I have a question about the GPT-index principle. LLM has an upper limit amount of data, (token limit is 4096). GPT-index compresses the external data into an efficient data structure. Does the accuracy of each piece of information decrease as more external data is indexed and the compression ratio increases?
For example, if I make ExternalDataA and ExternalDataB into one index and execute a query about ExternalDataA, will the accuracy be lower than when only ExternalDataA is indexed?
If you're using a vector store, the natural result of doubling the index size is increasing the search space gpt_index has to search over. You'd have to start doing work of increasing similarity_top_k and/or improving queries such that the most relevant document is returned first.
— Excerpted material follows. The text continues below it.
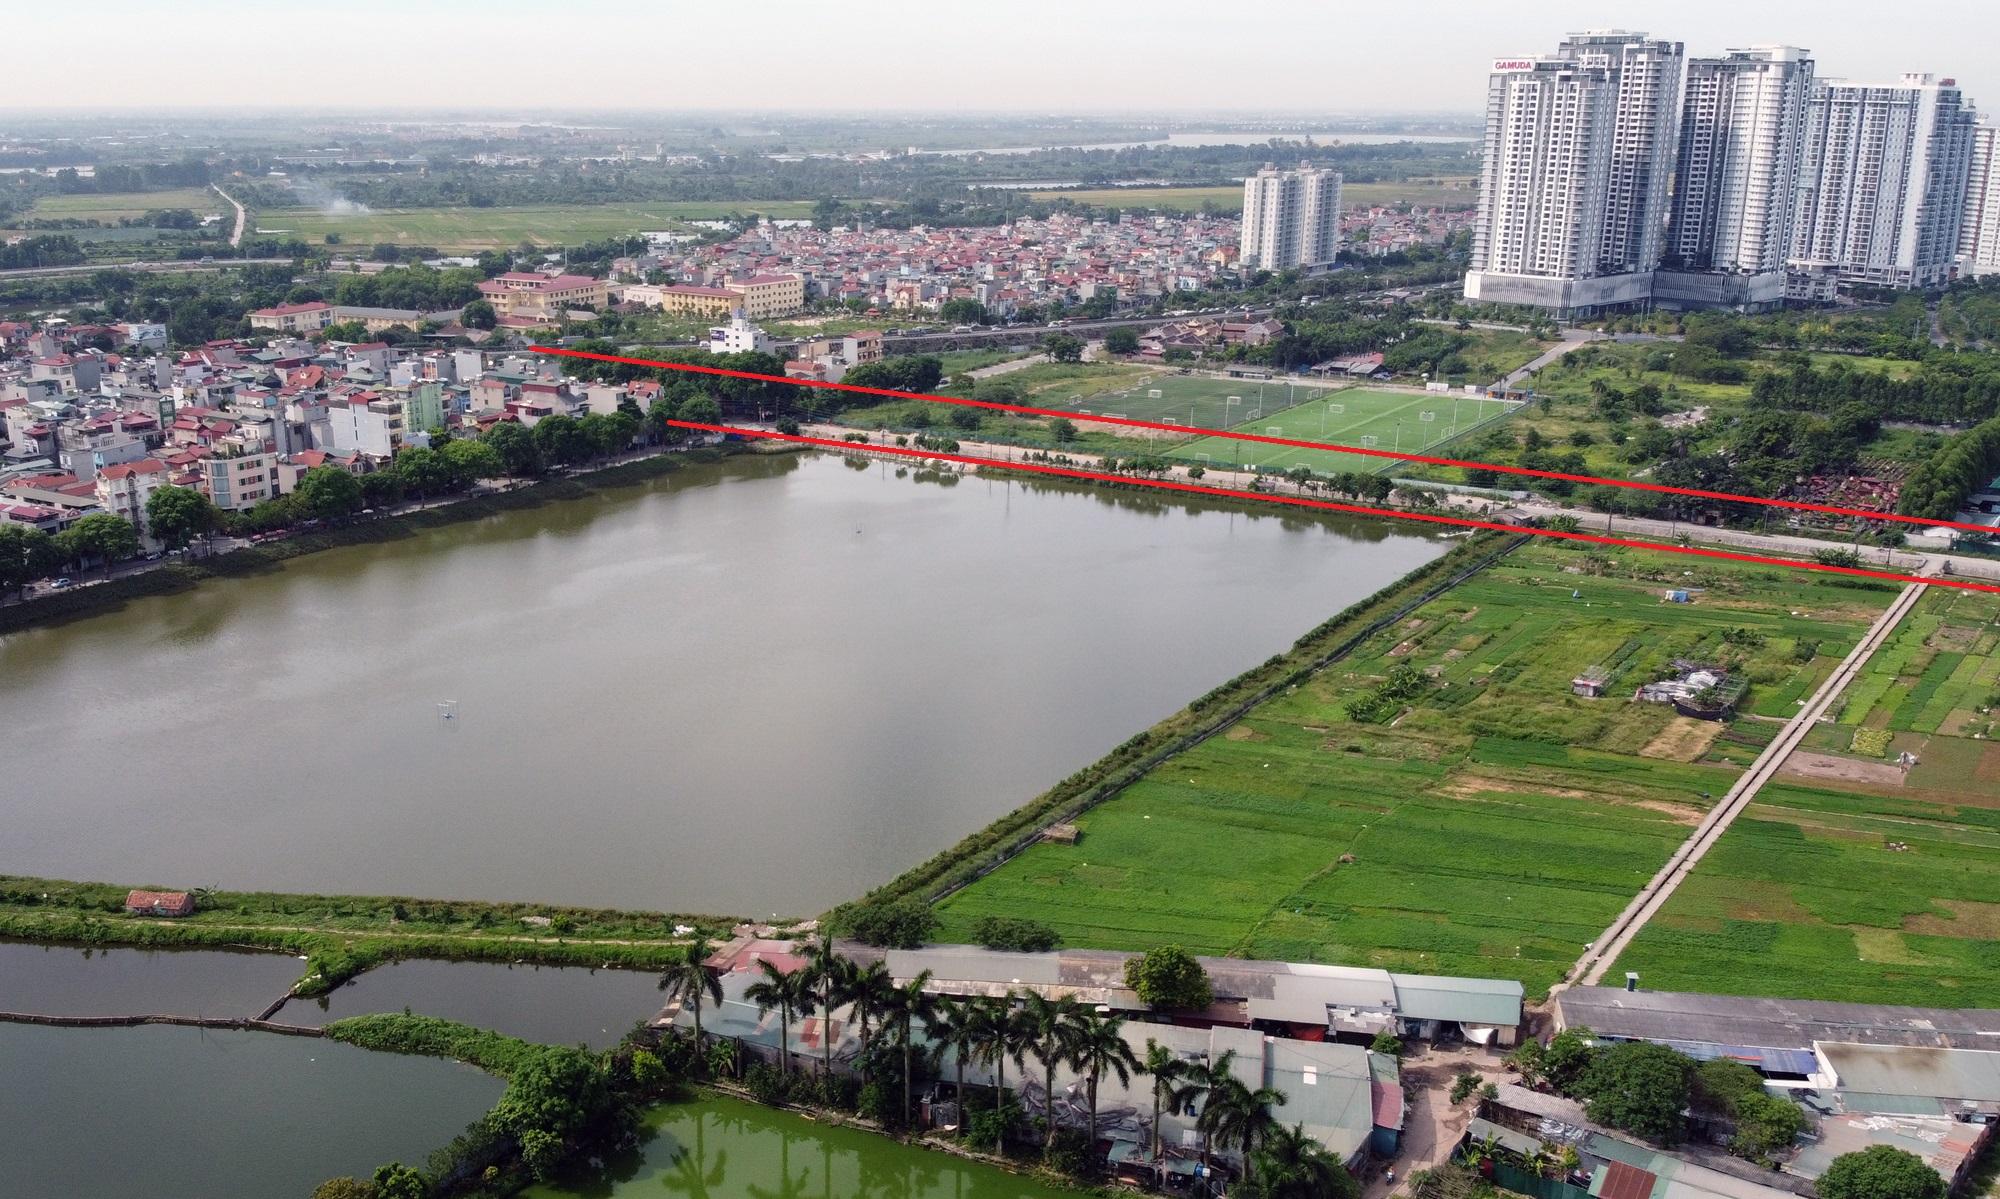 đường sẽ mở theo qui hoạch ở phường Trần Phú, Hoàng Mai, Hà Nội - Ảnh 7.

@sho4360 @Koh to answer your question, we don't do "compression" of the data in the traditional sense of the word. Rather, we just store it in a format that we can pass to the LLM while obeying prompt size limitations. The simplest example is the vector store index as @yourbuddyconner mentioned, where we split your text into chunks under the hood, and when you call "query" on the data, we fetch the top-k text chunks and put it into the prompt, which we can then feed into GPT. Note that even if the top-k text chunks don't completely fit into one prompt, GPT Index can handle that for you, by calling the LLM repeatedly over sequential prompts.
Thank you all for your answers. I probably misunderstood about the prompt that GPT-index passes to LLM, but I understand it. I will try adjusting the query such as similarity_top_k.